W. Harry Feinstone Department of Molecular Microbiology and Immunology
Students and faculty in the W. Harry Feinstone Department of Molecular Microbiology and Immunology talk about the unique opportunity to pursue their passions in the context of global public health. Learn More From our early pioneering work on vaccination and the immune responses to pneumococcus, typhoid, streptococcus, diphtheria and malaria, MMI carries on the tradition of applying modern immunological approaches to major public health issues. Learn More A primary component of the Department’s bacteriology research focuses on the resurgence of tuberculosis, particularly the emergence of multidrug-resistant tuberculosis as a major public health problem. Learn More The Department’s virology program covers a range of investigative activities. Bringing together researchers with different perspectives on the viral world makes for a collaborative, stimulating and productive scientific environment. Learn More MMI researchers explore population biology of mosquito disease vectors and their molecular interaction with human pathogens, such as the Plasmodium parasite that causes malaria and the virus that causes dengue. Learn More MMI is committed to work that addresses the public health relevance of parasites, as well as the molecular biology and clinical significance of parasitic infections. A major research effort is focused on the protozoan parasites that cause malaria and toxoplasmosis. Learn More With its new "R3IM" track, MMI is spearheading a novel, interdepartmental initiative to reform graduate science education: We aim to bring more critical and philosophical thinking, orientation on the norms of good scientific practice, and social responsibility into the training of life and public health scientists. Learn More
Molecular Microbiology and Immunology (MMI) integrates many disciplines concerned with the study of the transmission, immunobiology and pathogenesis of bacterial, parasitic, viral, immunological and infectious diseases of public health importance. Research is at the population, organismal, cellular and molecular levels.
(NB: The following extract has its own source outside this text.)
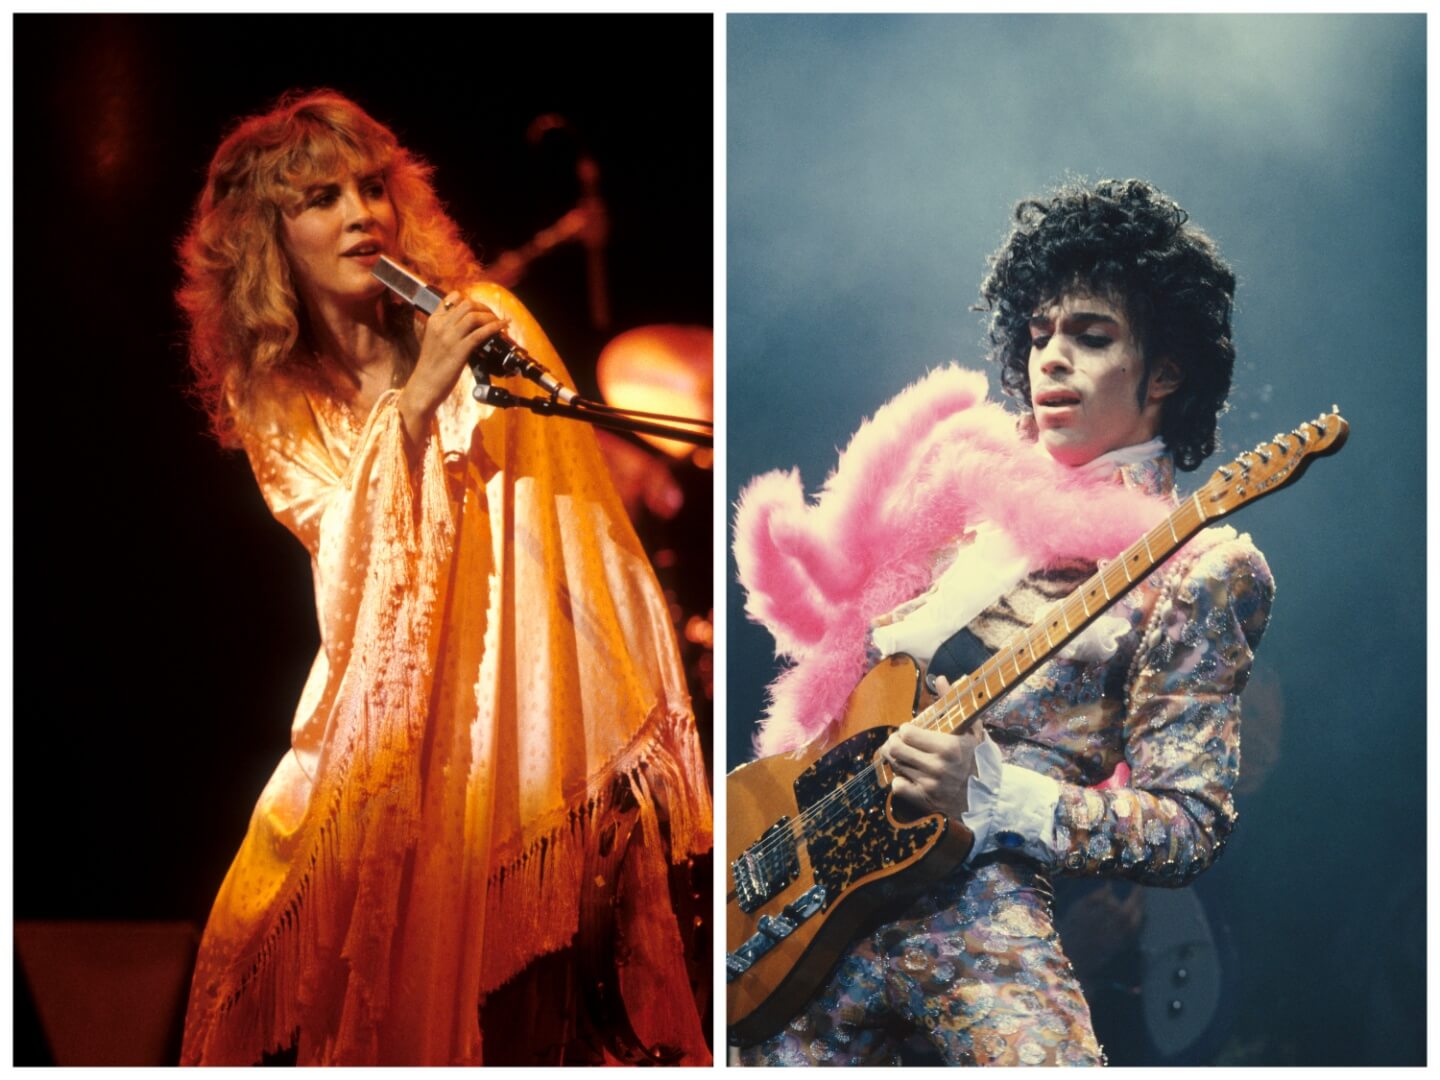 Stevie Nicks wears a shawl and sings into a microphone. Prince wears a pink boa and floral suit and plays guitar.
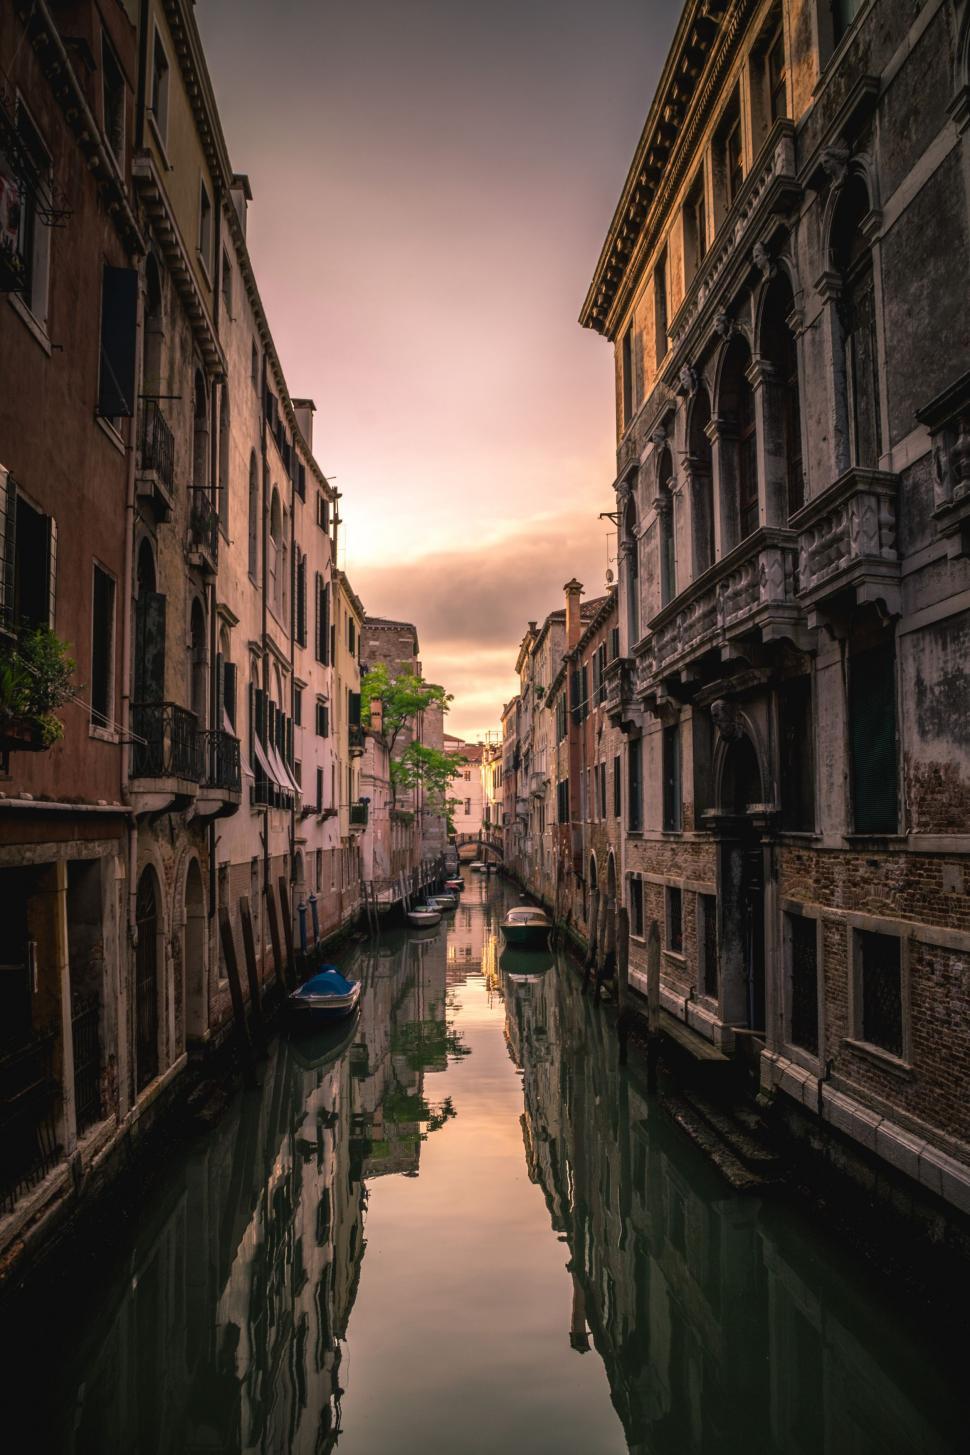 Free Image of Narrow Canal Between Two Buildings

The central premise of this broad approach to the study of disease is that public health problems can best be addressed by understanding basic biological mechanisms. Our research aims to advance the understanding of the biology of disease and to use this knowledge to solve public health problems. Research takes place in the laboratory, in the clinic and in the field, as the faculty work to combat such enormous public health problems as malaria, sexually transmitted diseases, mosquito-borne encephalitis, Lyme disease, tuberculosis, diarrhea, measles, AIDS and autoimmune diseases.
The Department is continually evolving to meet new research opportunities and the changing needs of public health. We remain committed to the conviction of the School’s founder William Henry Welch: Future success in public health and preventive medicine must rest on a firm base of scientific discovery.
乐动体育开户MMI offers three graduate degrees for students interested in issues underlying infectious and immunologic diseases: the research-based PhD and ScM programs, and the MHS degree.
Our research programs focus on understanding the molecular biology, pathogenesis, transmission dynamics and control of infectious and immune-mediated diseases of public health importance.